In some cases - especially for military applications - it is preferrable to have tires which are not (as) vulnerable to puncture and deflation as traditional pneumatic versions. There are a variety of ways of acheiving this, but a common method is to fill the volume of the tire with a dense synthetic foam. This provides some of the same rigid-but-compressible nature as compressed air but, being essentially a solid, won't leak out of any holes (indeed these sorts of tyres can keep functioning with sizable chunks missing). Of course, such tires are noticably more expensive, heavier and often have poorer handling characteristics, especially in terms of vibration and road noise.

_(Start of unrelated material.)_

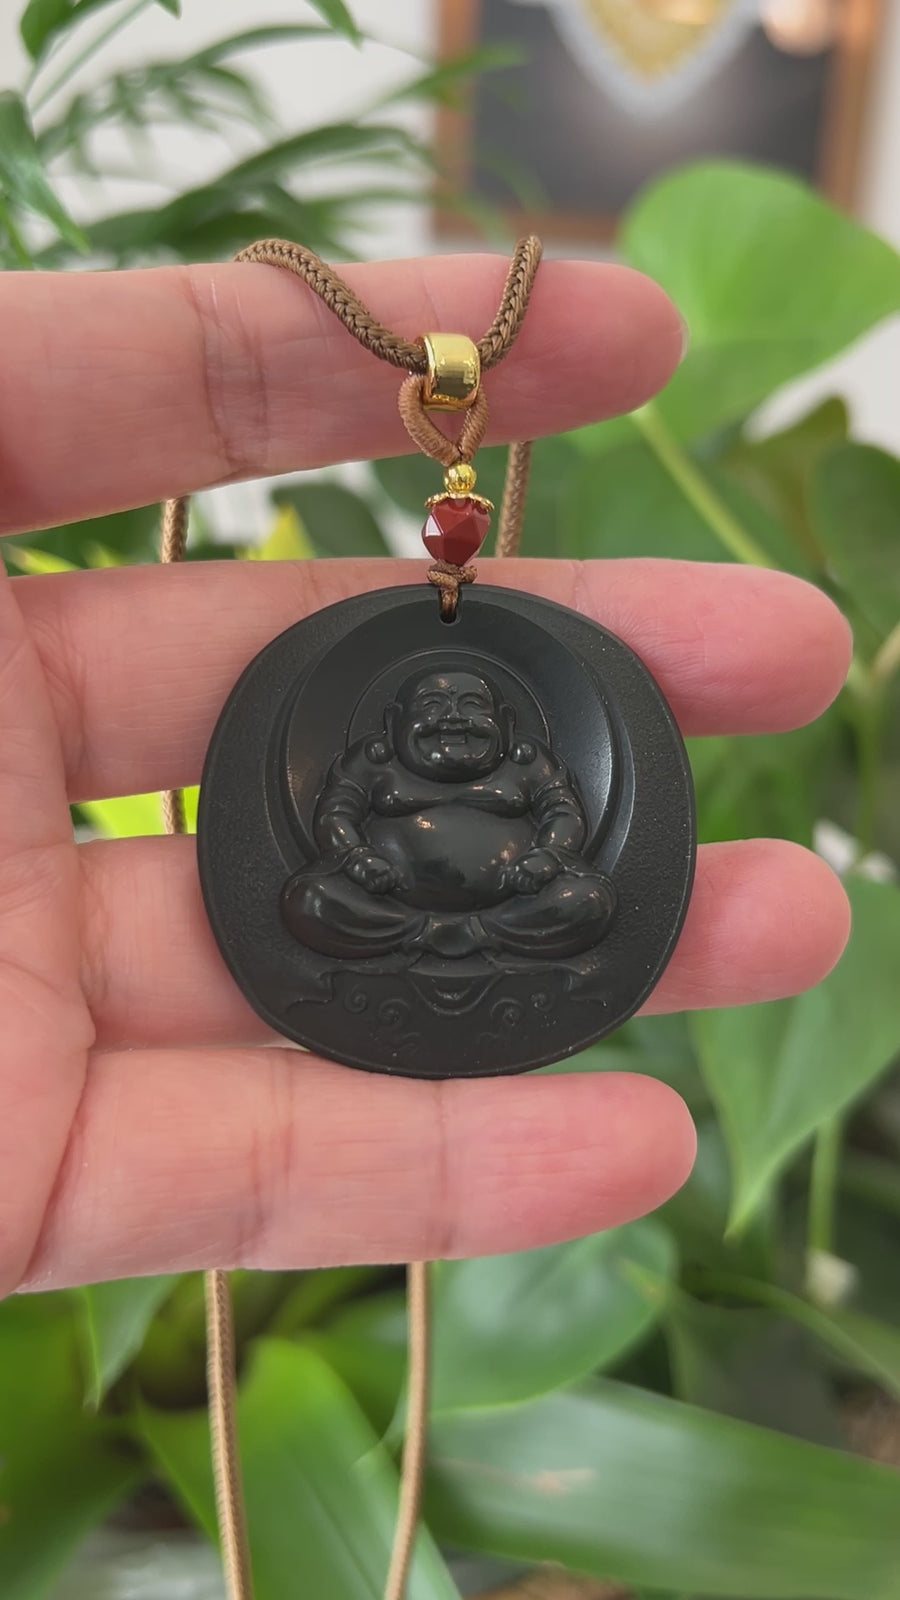 Baikalla™ "Happy Buddha" Genuine Black Jade Pendant Necklace With Adjustable String

Early, pre-pneumatic tyres were also frequently stuffed with a variety of substances including sand, junk rubber and horse-hair. Solid rubber tyres were also common (and in a few cases appeared pre-vulcanisation, and even on non-motor vehicles). These were something of a compromise between solid wheels and modern tires - some improvement in the ride and reduction in noise, but at added cost and additional fragility.

Giant Molecule

One of the neat things about vulcanized rubber is that it melds together into giant molecular chains. Each car tire is actually a single enormous molecule. Unlike metal that you can just beat into a new shape, the tire's shape is set for life. The downside of this is that nothing in nature currently knows how to digest such a huge uber-molecule. Ultraviolet light and ozone can degrade tires, but newer tires have been laced with chemicals to prevent that. Until something new evolves to eat them, tires will live forever. In the US, we throw away an average of one tire per citizen per year.

Sources

Bibliography
2. Non-Fiction Book: World Without Us by Alan Weisman

Game and Story Use

  • A thrown or damaged tire can slow down a vehicle. Damaged tires mean less traction, making it unstable and hard to drive. It can also put undue pressure on the wheels, axle or other parts of the car.
  • In a campaign set in the 19th Century, wagons and early automobiles might have metal or pneumatic tires. The former provides greater durability, but the later should result in better handling and faster speeds. Depending on how abstract the vehicle and chase rules are, this might matter.
    • Considerable variation should occur - quality control was patchy in early tyres and many of them were distinctly under-engineered and prone to puncture or outright disintegration at awkward moments.
  • A time traveler from an alternate future where the Axis won travels back to the US during WW2 to give the beleaguered allies the formula to synthetic rubber.
  • In the future, the world is cluttered with trillions of discarded tires. A Mad Scientist with an ecological agenda unleashes a tire-eating nanite to solve the problem. Of course, things go wrong, and all the world's tires are consumed, including those on moving cars, those used in the walls of earthships, tire swings, etc.
  • After The End, if mutant equivalents of fantasy monsters exist, one might be a rubber-eater.
  • Used tires have a variety of civil and military engineering functions, whether as erosion protection for river banks, raised plant containers or makeshift gabions.
  • There are also initiatives afoot to grind them up and use them as an alternative to asphalt for road surfacing.
  • Used tires buried in landfill have a tendency to work their way to the surface over the years - in an after-the-end setting, a partially buried tire might be a useful sign of a pre-apocalypse landfill that can be mined for useful materials.